Aquel jugador de terciopelo...
El Mundial de 1966 fue el primero que se televisó en directo por satélite a todo el mundo y también el primero que yo vi. Aquel campeonato fue la puesta de largo de un muchacho elegante que aún no había cumplido los 21 llamado Franz Beckenbauer. Jugaba de lo que entonces conocíamos como medio de ataque, que junto a los dos interiores formada el trío de centrocampistas. Apuesto, activo, con un aire jovial, tenía presencia, distribuía y llegaba. Era un imán para el balón y para los ojos del telespectador. Marcó un par de goles. Lástima que en la final Schoen le ordenó secar a Bobby Charlton, cosa que hizo con éxito a costa de anularse a sí mismo.
Pertenecía al Bayern de Múnich, al que junto a sus coetáneos Maier y Müller elevaría a lo más alto. Ahora sonará raro saber que cuando se creó la Bundesliga, en 1962, el Bayern no estuvo entre los pioneros, pues no había acreditado calidad para ello, y le tocó empezar en segunda. Pero ellos tres y otros que llegaron, pero sobre todo él, hicieron del equipo bávaro el mejor de Alemania y de Europa. Pronto se retrasó una línea para jugar de líbero, posición hasta entonces despreciada (el creador fue Karl Rappan, austriaco, para Suiza en el Mundial de 1954), tenida por oficio menor del que se abusó en Italia. Defensa escoba, decíamos en España.
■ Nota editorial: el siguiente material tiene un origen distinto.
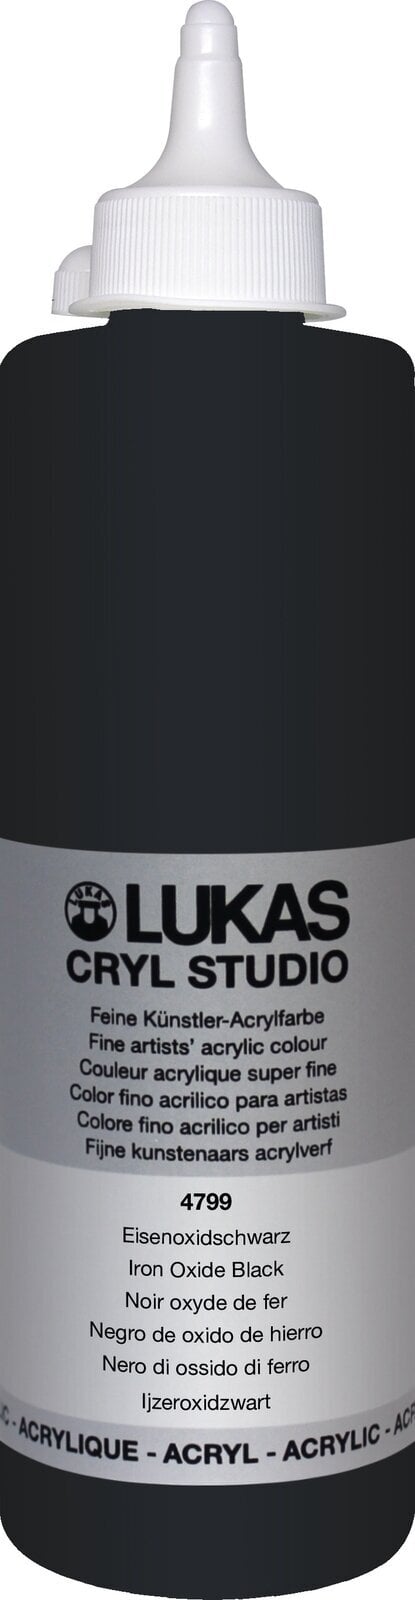 Acrylfarbe Lukas Cryl Studio Acrylic Paint Plastic Bottle Acrylfarbe Iron Oxid Black 500 ml 1 Stck

Beckenbauer elevó el rango de ese puesto porque no barría, sino que recuperaba y armaba desde atrás, marcando el ritmo de la salida, en corto o en largo. Su desplazamiento era perfecto. Era un futbolista de terciopelo, con una facilidad para el trato del balón y una elegancia casi empalagosas. El inicio del juego desde atrás nace y se prestigia con él, con su Bayern y con su Alemania, que arrasaron en la primera mitad de los 70. Luego fue entrenador, seleccionador triunfante con Alemania. Fue campeón mundial entre las rayas de cal, de corto, y al borde de ellas, en traje, como el llorado Zagallo y el francés Deschamps. Descanse en paz.